• Colombia’s Semana investigates how Mexican drug trafficking organizations are altering both the country’s drug trade and its armed conflict. The analysis is spread across five articles published April 9 and 10: an overview; reports from the conflictive Bajo Cauca, Catatumbo, and coastal Nariño regions; and an analysis of the changing coca trade by Daniel Rico.
  • At the Christian Science Monitor, Sara Miller Llana writes about the state of democracy in Bolsonaro’s Brazil. As is happening elsewhere in the world, she finds, democracy is threatened by rising authoritarianism and polarization, but resistance remains robust as the hardline President’s poll numbers drop.

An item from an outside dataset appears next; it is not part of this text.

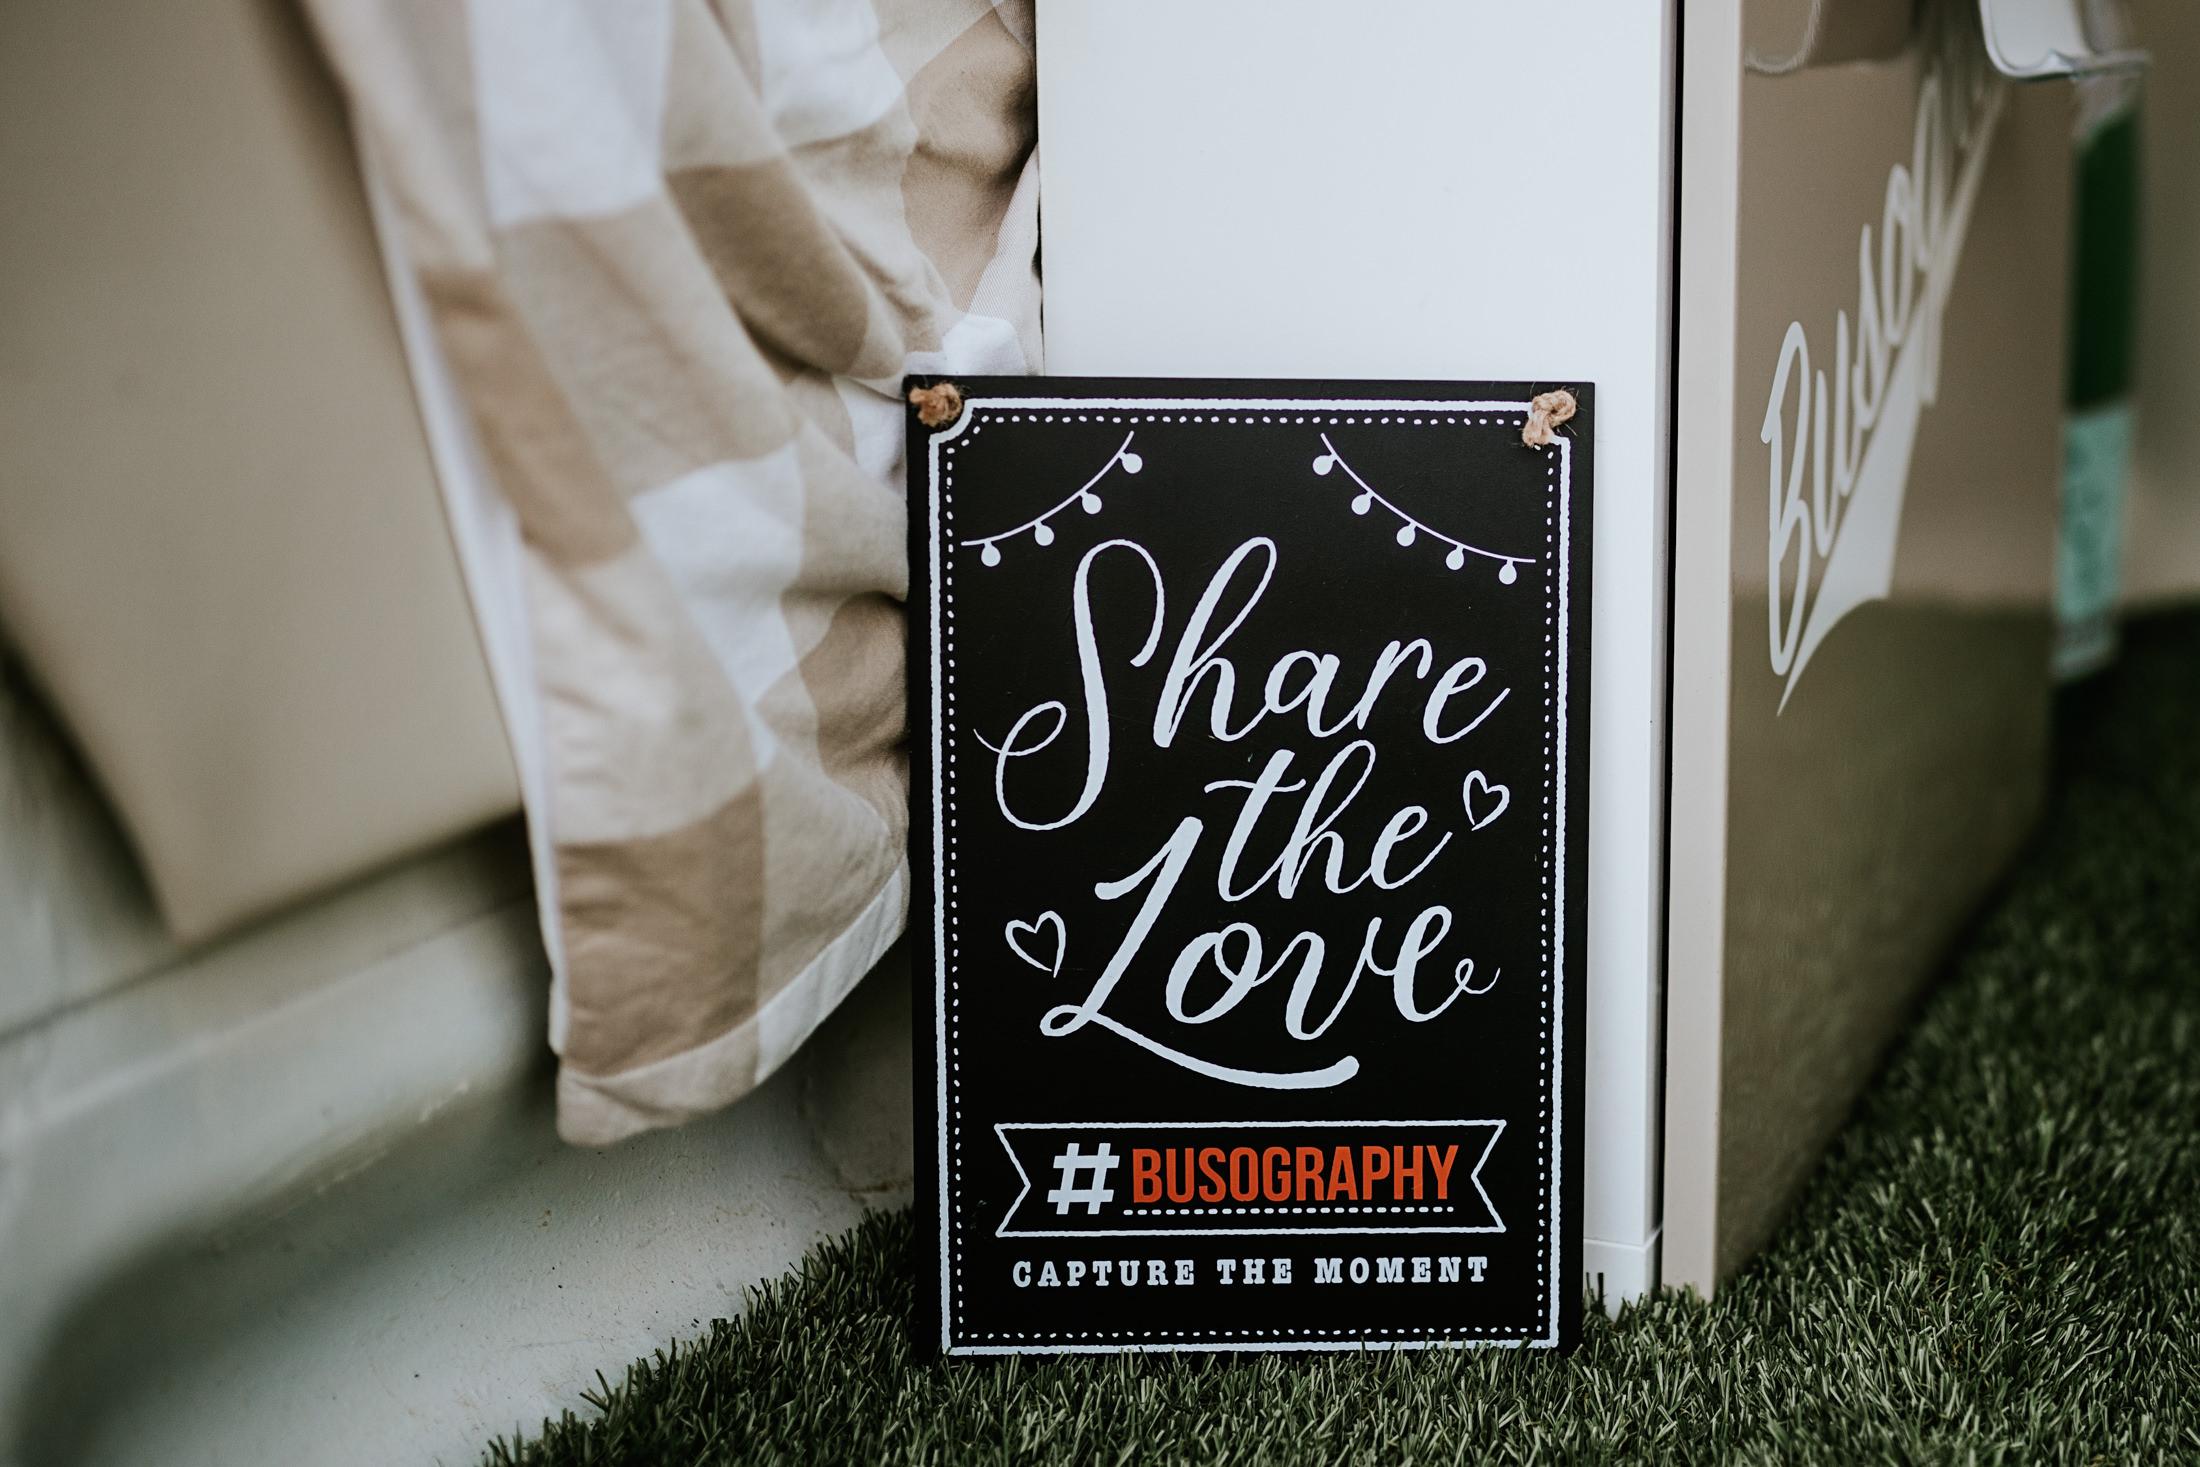 camper van photo booth - wedding photo booth - wedding camper van - outdoor weddings - outdoor wedding entertainment

  • At Nueva Sociedad, four noted South American analysts take stock of the “South American Geopolitics of Coronavirus,” with updates from Argentina, Brazil, Uruguay, and Venezuela.
  • A team of researchers at Bogotá’s Ideas for Peace Foundation does something similar, but more detailed, for Colombia, exploring what COVID-19 might mean for the balance between armed and criminal groups; the humanitarian situation; migration and borders; social protest; the security forces; and implementation of the 2016 peace accord.
  • The OAS Inter-American Human Rights Commission published its annual report on the state of human rights in the hemisphere. It’s a bit of a slog to read through—very long, and nobody would call the Commission’s writing style “direct” or “hard-hitting”—but it is deeply thorough and very well researched.